A Operação Delegada é um convênio firmado entre a Prefeitura de São Paulo e o governo do Estado desde 2009 para fiscalizar os vendedores ambulantes. Na prática, é um trabalho extra para militares, que participam voluntariamente da operação, em dias de folga, e que podem usar a farda da PM para atuar no combate ao comércio ambulante irregular.

Prefeitura diz que os agentes podem receber de R$ 42,43 a R$ 76,38 por hora de trabalho. Ainda conforme a gestão municipal, o número de vagas diárias para PMs exercerem essa função aumentou durante a gestão do prefeito Ricardo Nunes (MDB), com foco para o centro da capital.

Centro Gaspar afirma que a gestão municipal é conivente com a ação da polícia. "Os agentes fiscais das Subprefeituras também atuam na repressão ao comércio ambulante, e já recebemos diversas denúncias de condutas abusivas. Das situações que foram levadas ao conhecimento das Subprefeituras, não chegou ao nosso conhecimento que providências efetivas tenham sido adotadas, nem em termos de responsabilização dos agentes, nem de reparação e garantia de direito às vítimas".

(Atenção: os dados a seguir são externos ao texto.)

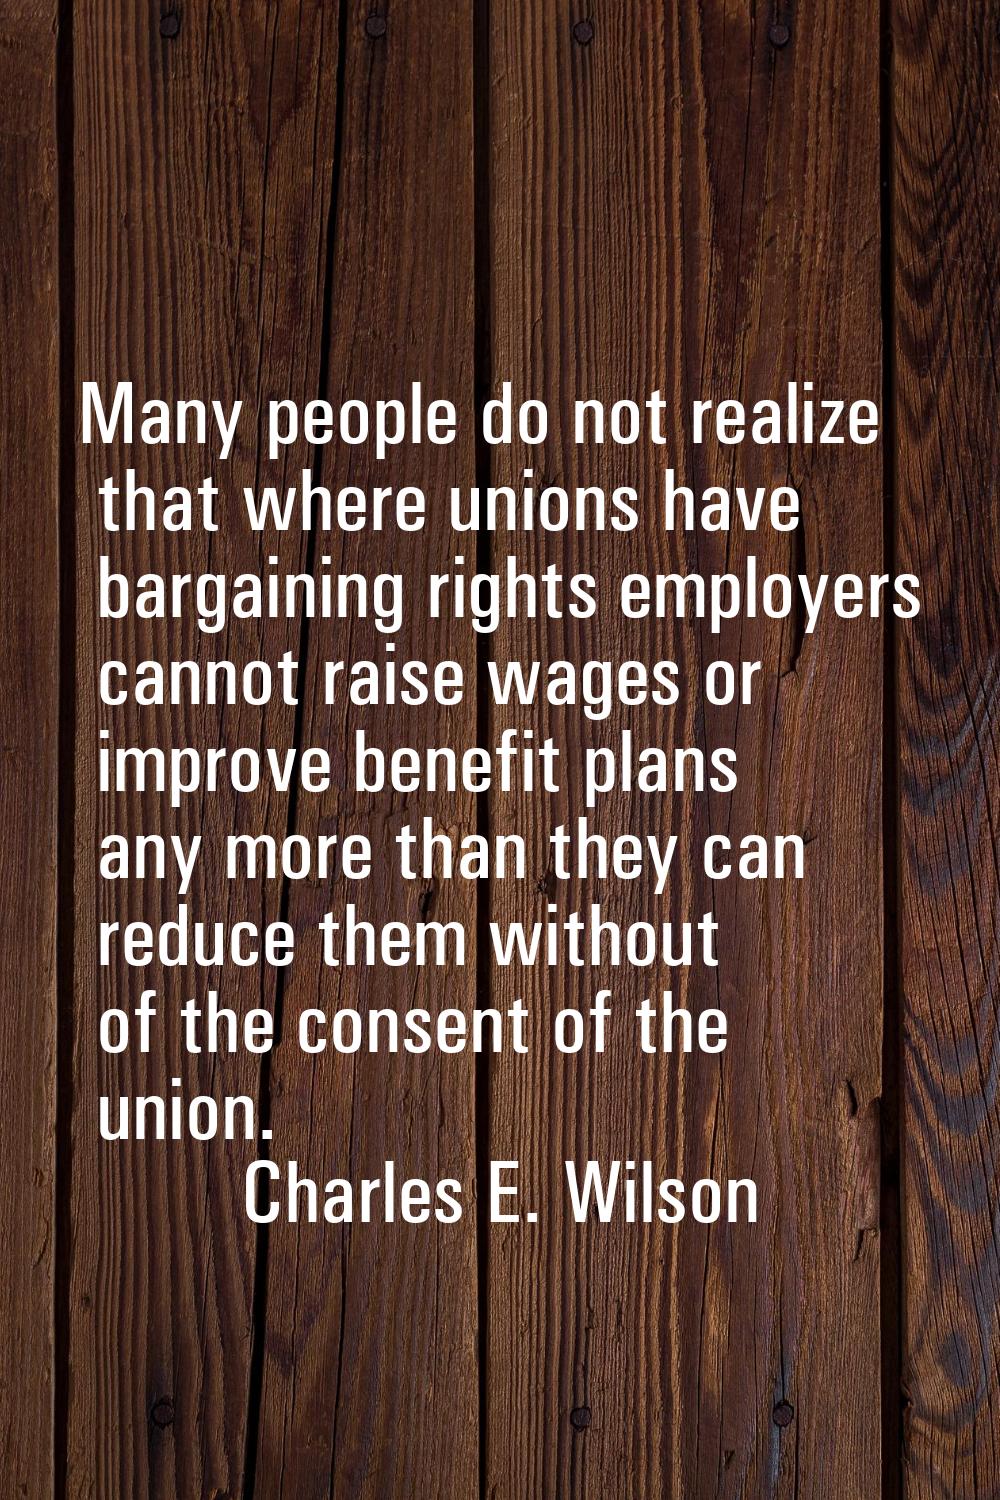 Many people do not realize that where unions have bargaining rights employers cannot raise wages or

Ao UOL, a Prefeitura informou que não tem conhecimento sobre denúncias de má conduta dos fiscais das Subprefeituras. Em relação ao comportamentos dos militares que prestam serviço ao executivo municipal, a Prefeitura alega que o treinamento deles é de responsabilidade do Estado.

O que diz a PMSP

Por meio de nota, a Polícia Militar de São Paulo disse analisar as imagens para determinar a possibilidade de aplicação de "medidas cabíveis" aos agentes envolvidos. O órgão afirmou que "não compactua com atos discriminatórios e reforça em seus cursos de formação e atualização disciplinas com ênfase em direitos humanos, igualdade social, diversidade de gênero, ações antirracistas, entre outras".

Como os agentes que aparecem nas imagens não tiveram os nomes divulgados, não foi possível localizar suas defesas para pedir posicionamento. O espaço segue aberto para manifestação.